[Author Prev][Author Next][Thread Prev][Thread Next][Author Index][Thread Index]
Re: [tor-bugs] #29672 [Internal Services/Service - trac]: trac gets overwhelmed
#29672: trac gets overwhelmed
----------------------------------------------+--------------------------
Reporter: anarcat | Owner: qbi
Type: defect | Status: assigned
Priority: High | Milestone:
Component: Internal Services/Service - trac | Version:
Severity: Critical | Resolution:
Keywords: | Actual Points:
Parent ID: | Points:
Reviewer: | Sponsor:
----------------------------------------------+--------------------------
Comment (by anarcat):
today trac hung badly - all requests were giving 503 errors to client and
the machine was maxing its CPU and memory. i found this in the error log:
{{{
[Thu Apr 11 16:30:23.749569 2019] [wsgi:error] [pid 22934:tid
140416296871680] (11)Resource temporarily unavailable: [client
[REDACTED]:40900] mod_wsgi (pid=22934): Unable to connect to WSGI daemon
process 'trac.torproject.org' on '/var/run/apache2/wsgi.2106.9.1.sock'
after multiple attempts as listener backlog limit was exceeded.
}}}
The `trac.log` was full of:
{{{
IOError: Apache/mod_wsgi failed to write response data: Broken pipe
}}}
CPU and memory had been maxed out for more than two hours already when the
outage started:
[[Image(https://paste.anarc.at/snaps/snap-2019.04.11-12.53.48.png,700)]]
Apache was also seeing more hits than usual:
[[Image(https://paste.anarc.at/snaps/snap-2019.04.11-12.57.04.png,700)]]
But I don't believe it was starving out of resources:
[[Image(https://paste.anarc.at/snaps/snap-2019.04.11-12.58.56.png,700)]]
It's possible the pgsql database got overwhelmed.
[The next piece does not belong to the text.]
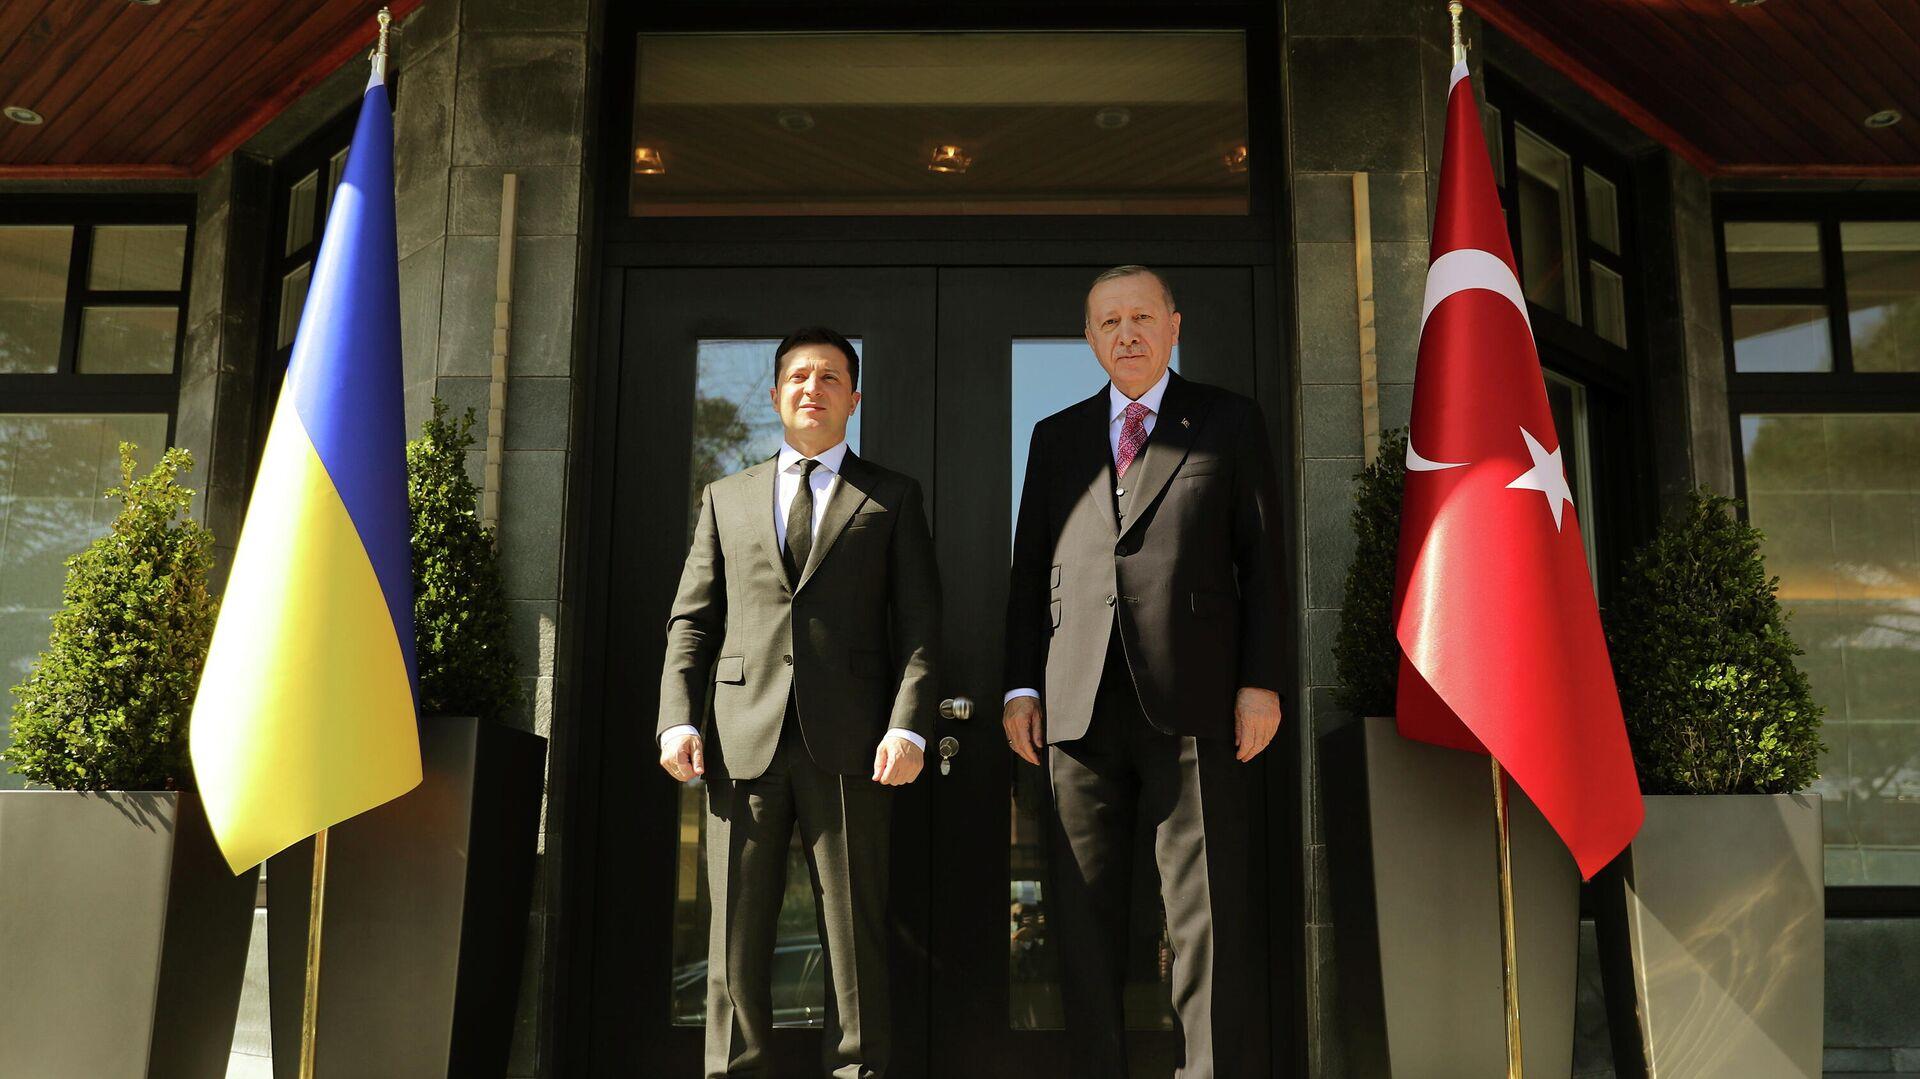 Volodímir Zelenski, presidente ucraniano y Recep Tayyip Erdogan, presidente de Turquía - Sputnik Mundo, 1920, 10.04.2021

We don't have metrics
for that in prometheus because, ironically enough, I just decided
yesterday it might have been overkill. Maybe we should revise that
decision now.
I wonder if our WSGI config could be tweaked. This is what we have right
now:
{{{
WSGIDaemonProcess trac.torproject.org user=tracweb group=tracweb home=/
processes=6 threads=10 maximum-requests=5000 inactivity-timeout=1800
umask=0007 display-name=wsgi-trac.torproject.org
}}}
I've decided to make more of those settings explicit to see if some tweaks
might be useful:
{{{
WSGIDaemonProcess trac.torproject.org user=tracweb group=tracweb home=/
processes=6 threads=10 maximum-requests=5000 inactivity-timeout=1800
umask=0007 graceful-timeout=30 restart-interval=30 response-socket-
timeout=10 display-name=wsgi-trac.torproject.org
}}}
The server was rebooted, which fixed the problem, but we'll see if the
above tweaks might fix the problem in the future.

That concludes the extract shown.